Music News

Scenes From Nowhere

Page 3 of 4


Book your Coachella shelter weeks in advance or suffer. Thousands of us pay for our oversight Saturday, when finding a hotel room or campground in the middle of the night for those of us dumb enough not to make prior arrangements is positively misadventurous.

I sleep in my car across from a McDonald's 40 miles to the west in the quiet burg of Beaumont, California. Some are luckier. Party at the Indio police station, anyone?

Two Tempe motorists, a DJ and a graphic designer who for obvious reasons ask to keep their names under wraps, say they found themselves as lost as others before deciding to pitch camp behind a dirt mound in a tract home development.

The cops, of course, find them and whisk them away to the Indio station, where others have been told they can hang there, sleep in their cars. When the cops leave, someone rolls Wonderjoint and supplies the bake before the wake, right there in front of headquarters.

"We were victorious," says one.

"We damn near convinced everyone we should pitch our tents on their front lawn," brags the other.


Goldenvoice's Tollett may insist this isn't Los Angeles' show, but in the VIP tent, it might as well be David Geffen's luxury box at the Staples Center. Everyone chats. Everyone networks. Artists, roadies, publicists, pals, agents, party hearties and groupies act like it's a fashion show. A good percentage of the women wear cowboy hats or stunningly chic boots, some with fur for an Eskimo motif -- in the desert.

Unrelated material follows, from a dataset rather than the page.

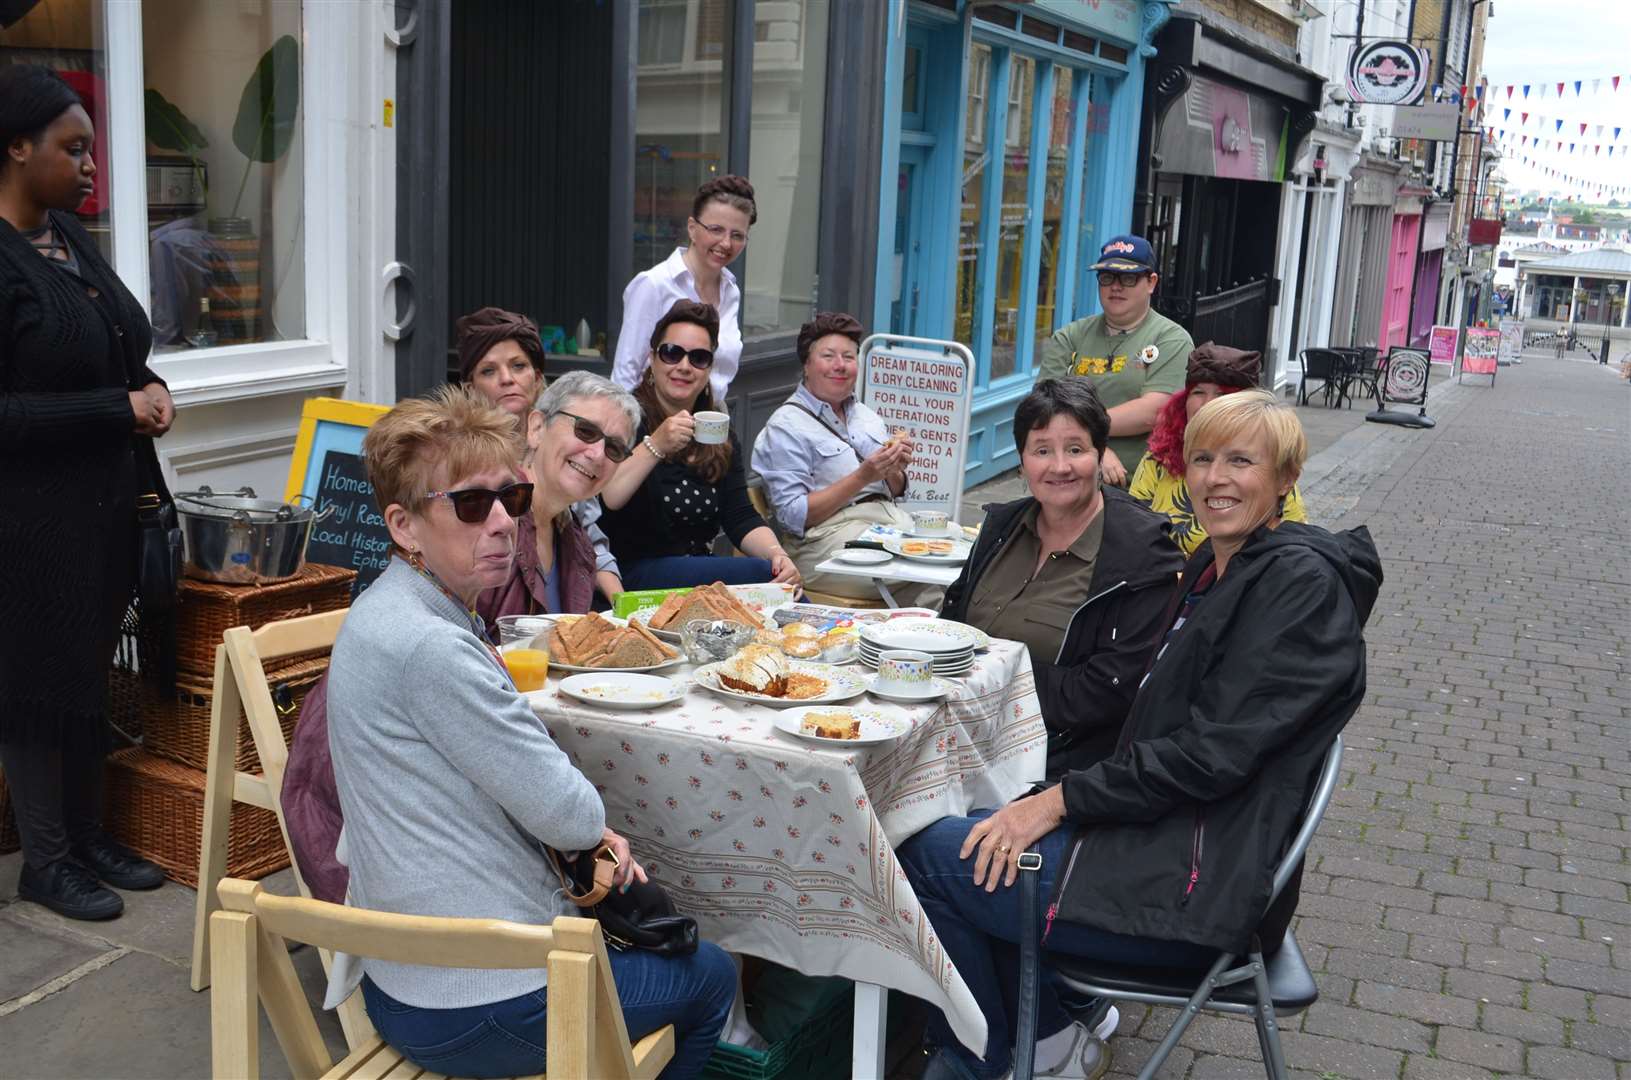 Others enjoyed some fresh sandwiches and cakes in town to celebrate the 75th anniversary of D-Day. Picture: Jason Arthur (11910665)

Surrounded by the chain-link fence, the VIP tent sits to the left of the main stage, the one ostensibly featuring the best music. But that doesn't deter the gamesmanship. Try to listen to the Mars Volta and become enveloped by giggling and small talk (they sucked ass anyway, like a Rush cover band manned by 8-year-olds). Eat a burger and spot a blond-Mohawked Kelly Osbourne, whose pronounced pout suggests she thinks this is minor league.

Looking over the stone railing that doubles as a rest area, I notice Chris Dangerous, guitarist for the Hives, and Fredrik Sandsten, drummer for the Soundtrack of Our Lives, sitting side by side. Their bands are from Sweden -- in our minds, they represent a new garage-rock movement coming from their homeland. So is this the case, and what do they get out of playing a scene like this?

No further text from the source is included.